§ **TASK INSTRUCTIONS**
From the data that follows, set down exactly the lines from the one with "3M MP8740 manual" through the one with "Side View of", counting both. Pictures stay out.

§ **ENTRIES PROVIDED**

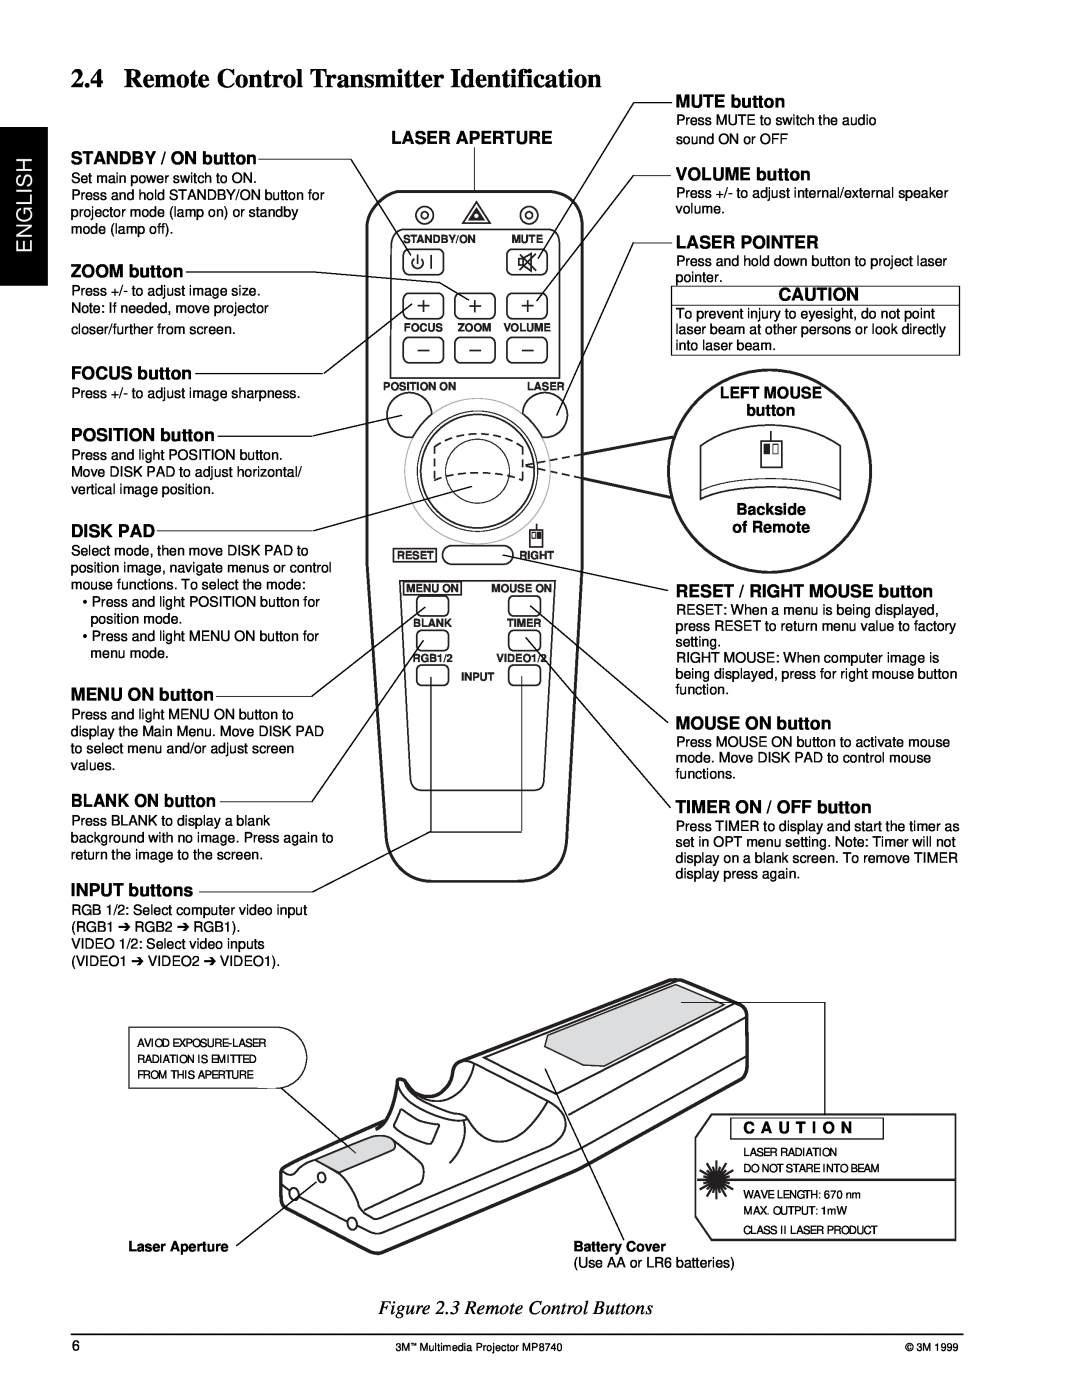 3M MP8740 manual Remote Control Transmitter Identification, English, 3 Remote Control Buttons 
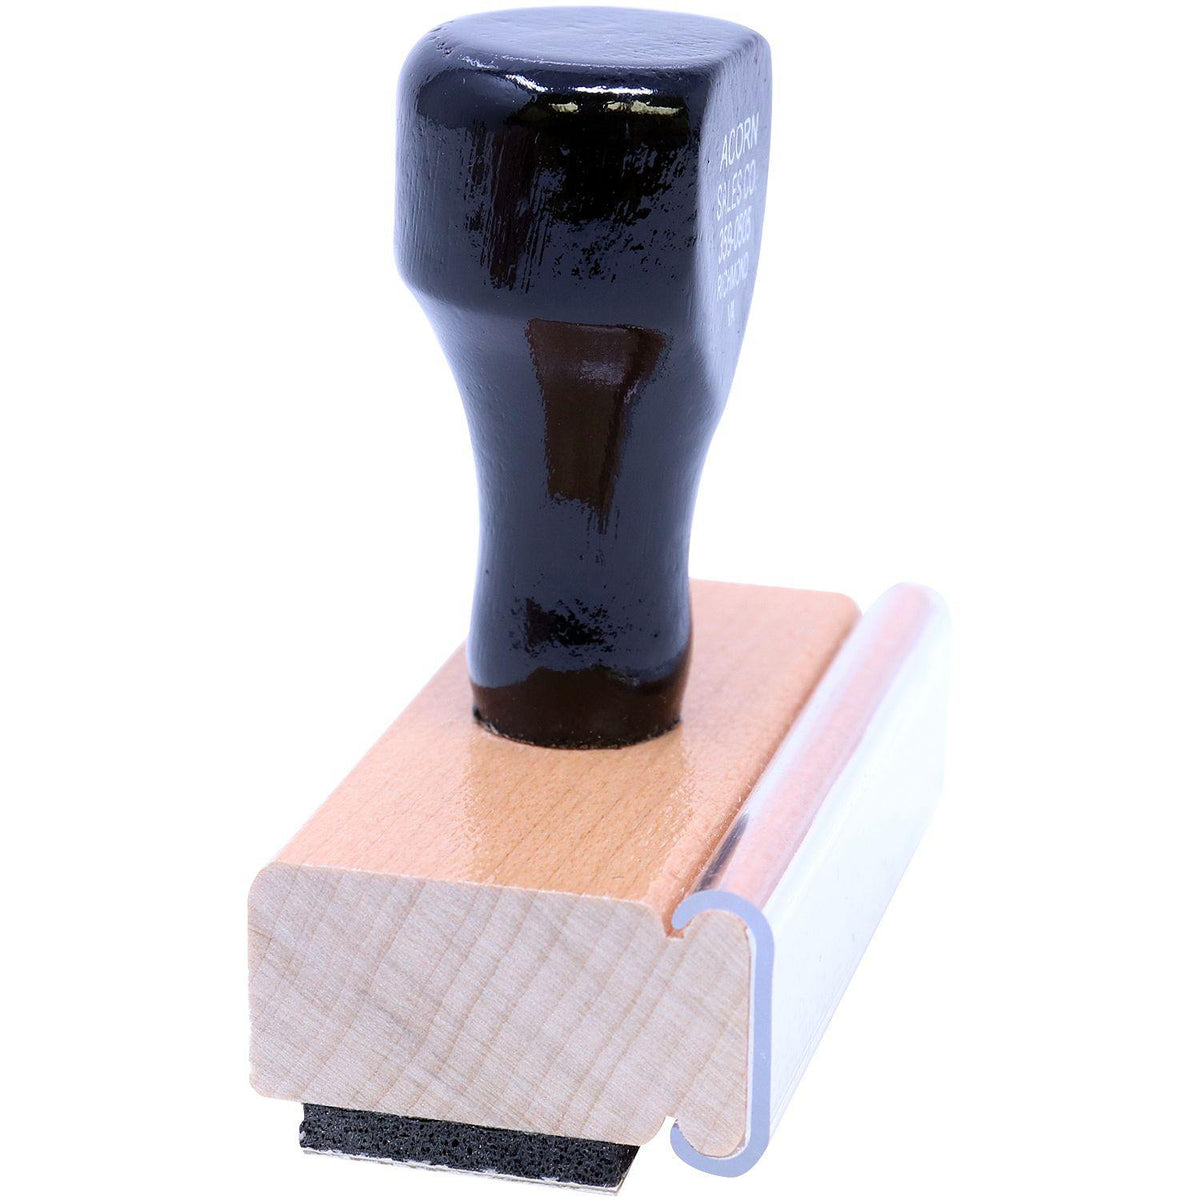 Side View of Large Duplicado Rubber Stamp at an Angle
...
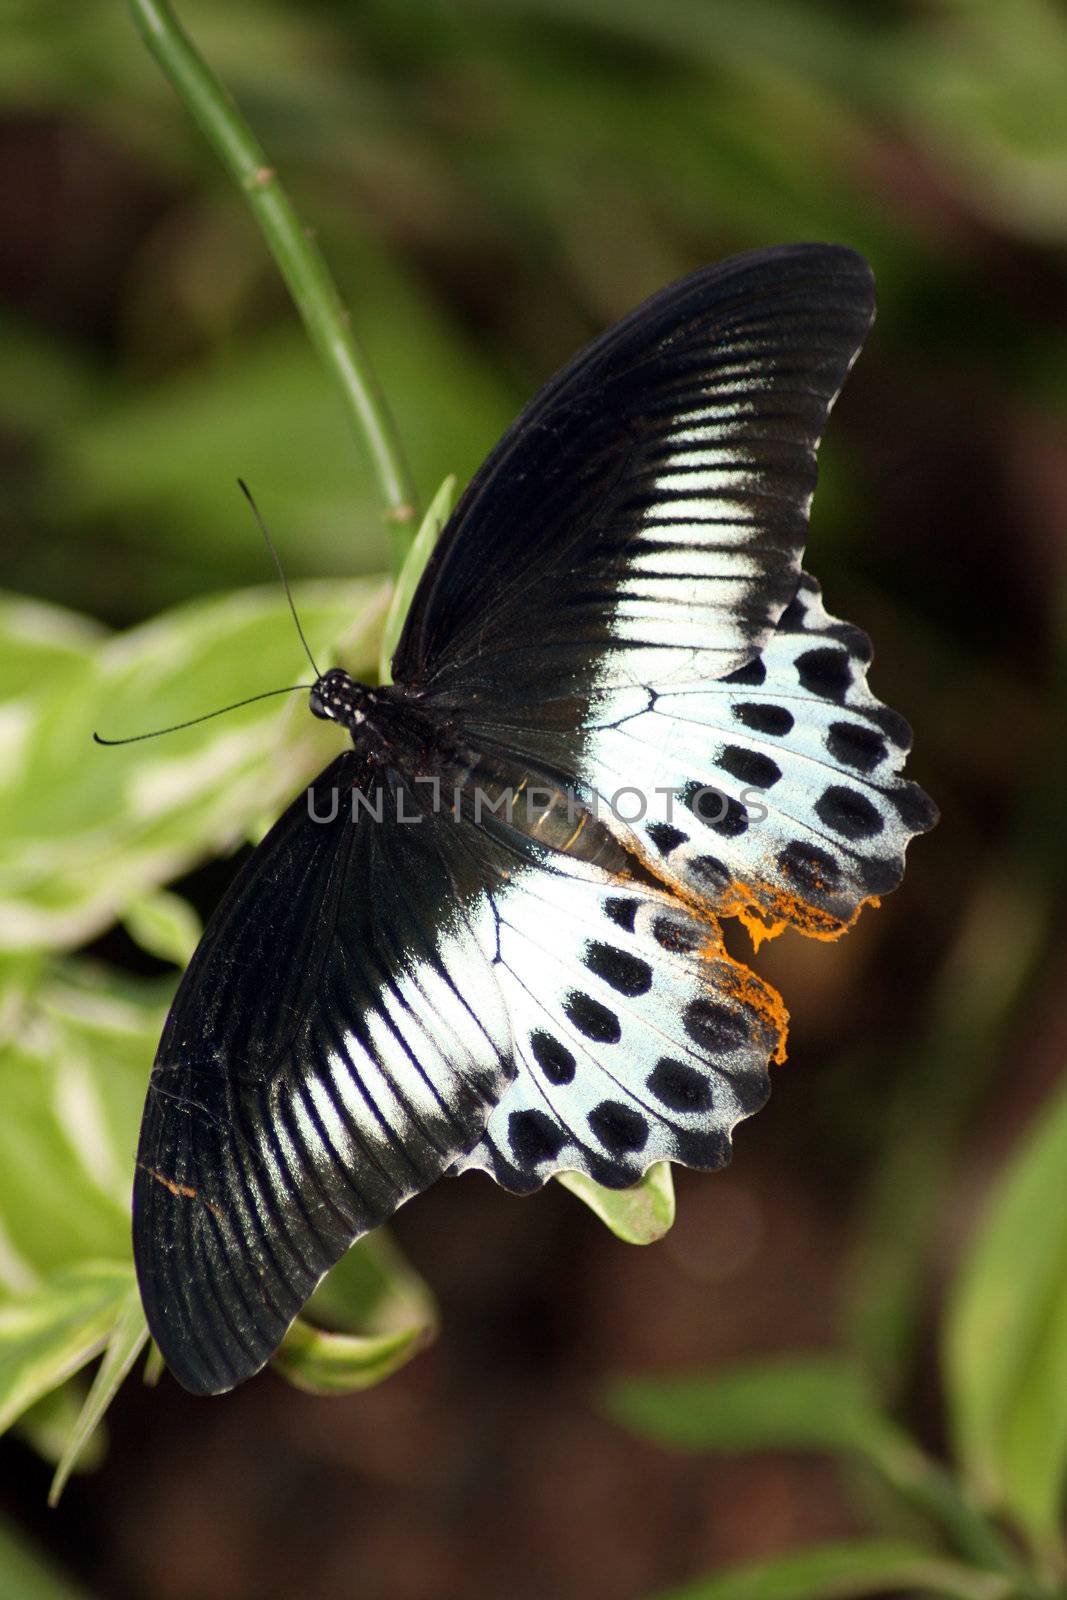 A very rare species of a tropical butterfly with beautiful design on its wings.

§ **WRITTEN ANSWER**
 3M MP8740 manual Remote Control Transmitter Identification, English, 3 Remote Control Buttons 
 Side View of Large Duplicado Rubber Stamp at an Angle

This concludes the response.